Yes, there’s a shortage of dental hygienists, but only in rural Nevada. If this legislation were genuinely about addressing that, it would be limited to those areas. Instead, SB 495 applies statewide. This isn’t about helping underserved communities. It’s about cutting costs in urban centers by replacing trained professionals with underqualified substitutes. Dentists working in cities stand to benefit the most, using cheap labor to pad their bottom lines while blaming hygienists for the rising cost of care. The real culprit? Insurance companies.

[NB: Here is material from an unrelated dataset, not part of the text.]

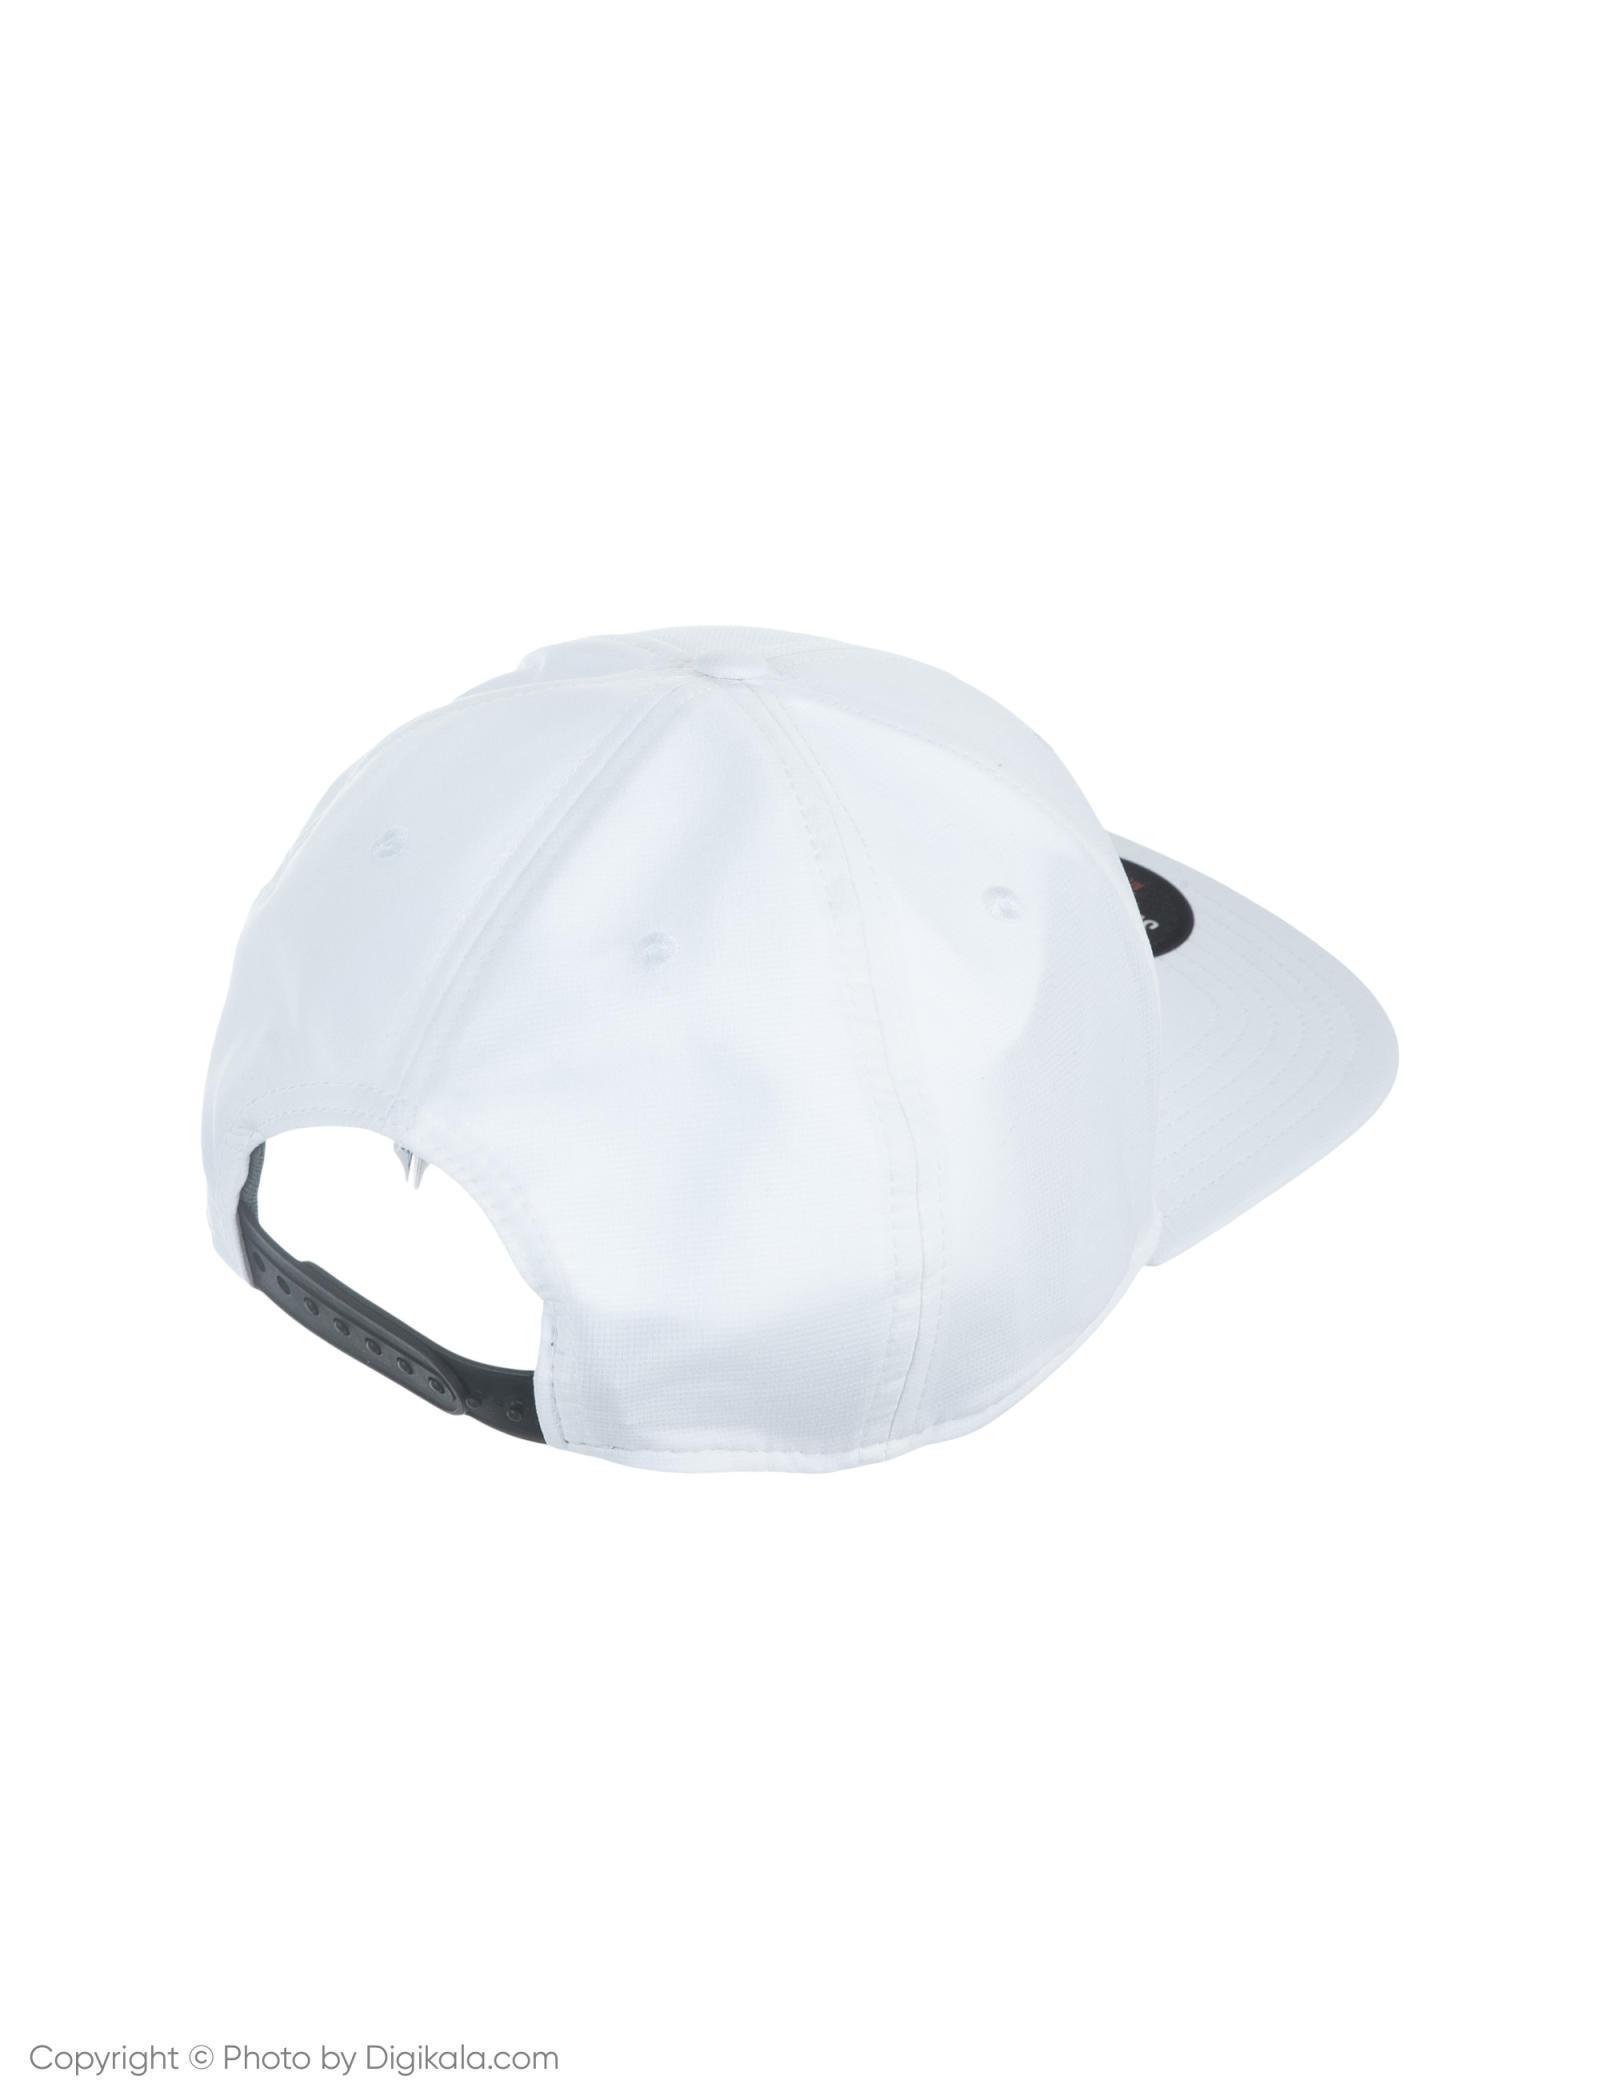 کلاه کپ مردانه آندر آرمور مدل SC30 Core Snapback -  - 3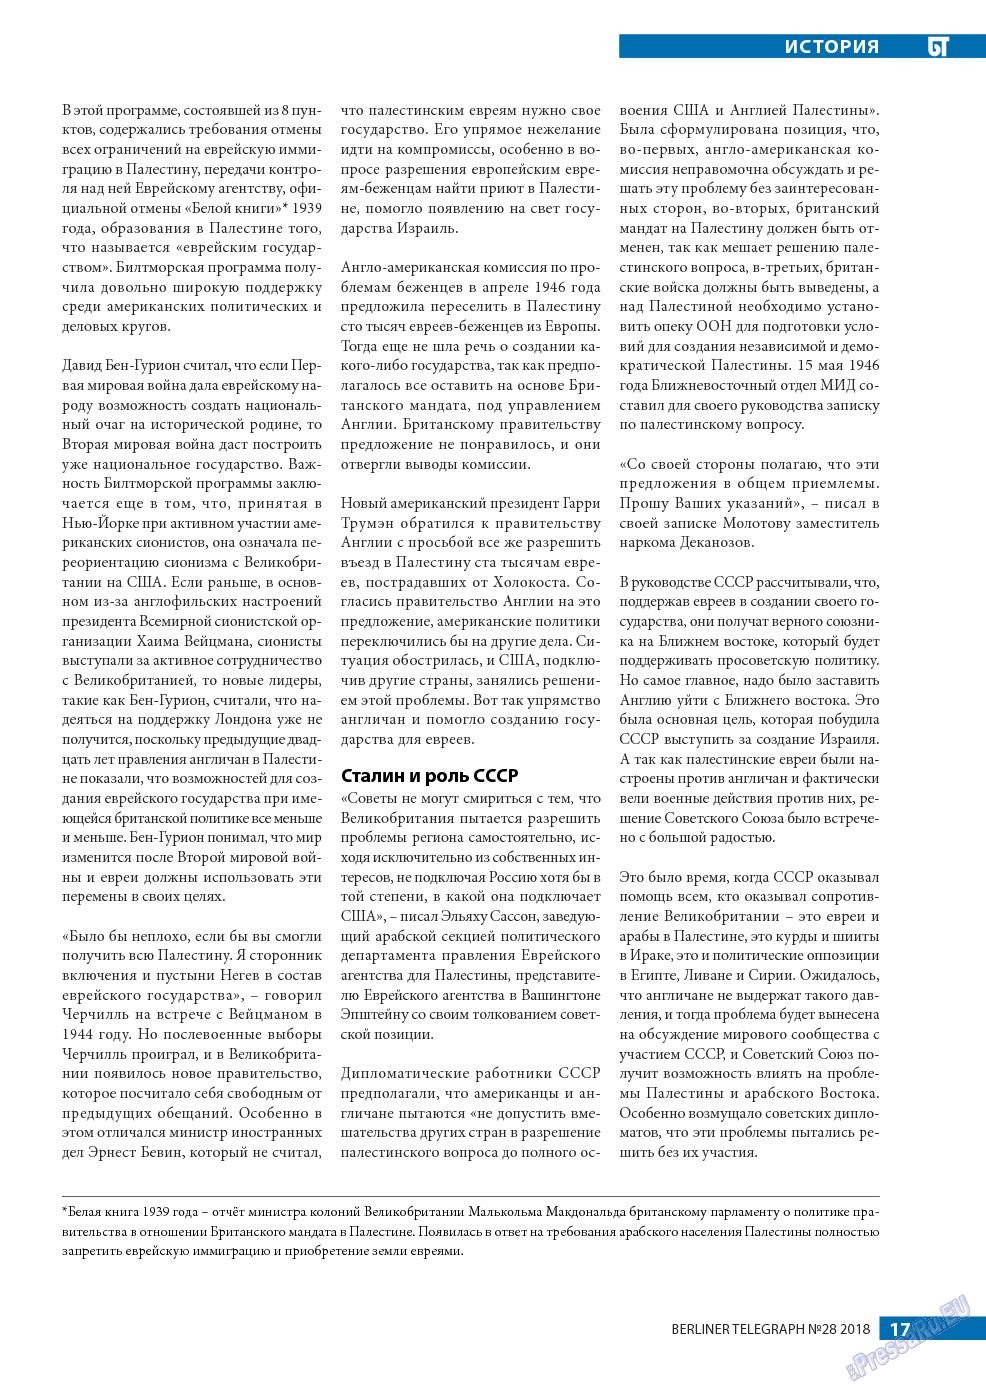 Берлинский телеграф (журнал). 2018 год, номер 28, стр. 17

Reimbursement rates for dental cleanings have barely budged in decades, yet hygienists are vilified for earning a wage that keeps up with inflation. SB 495 punishes them for trying to survive.
If SB 495 becomes law, malpractice lawsuits will follow. Standards of care are clearly defined, and once practices begin employing “restorative assistants,” it becomes easier to prove negligence. Corporate practices can absorb this liability. Small, independent dentists cannot. And that may be the point: squeeze them out, clear the field, and allow corporate monopolies to take over.
The ADA’s endorsement signals a national agenda. This isn’t just a threat to Nevada. Their support for SB 495 has damaged their credibility. If they’re so willing to compromise safety and professional integrity for convenience, can we trust their recommendations on fluoride? On oral care products? On anything? The ADA Seal of Acceptance used to mean something. Now, it’s little more than a marketing gimmick, a gold-plated facade.
The betrayal is real, and accountability is overdue. The ADA’s leadership, specifically its president and interim executive director, should resign. They’ve broken public trust, and their continued presence undermines the integrity of the profession.
To every Nevadan: Contact your elected representatives. Demand the removal of Sections 77–79 from SB 495. If the bill passes, call for Governor Joe Lombardo to veto it.
The safety and dignity of our healthcare system are not negotiable. Upholding standards is not resistance to progress. It is the foundation of trust, safety, and professionalism. Let’s protect it, now and for the future of dental care in Nevada.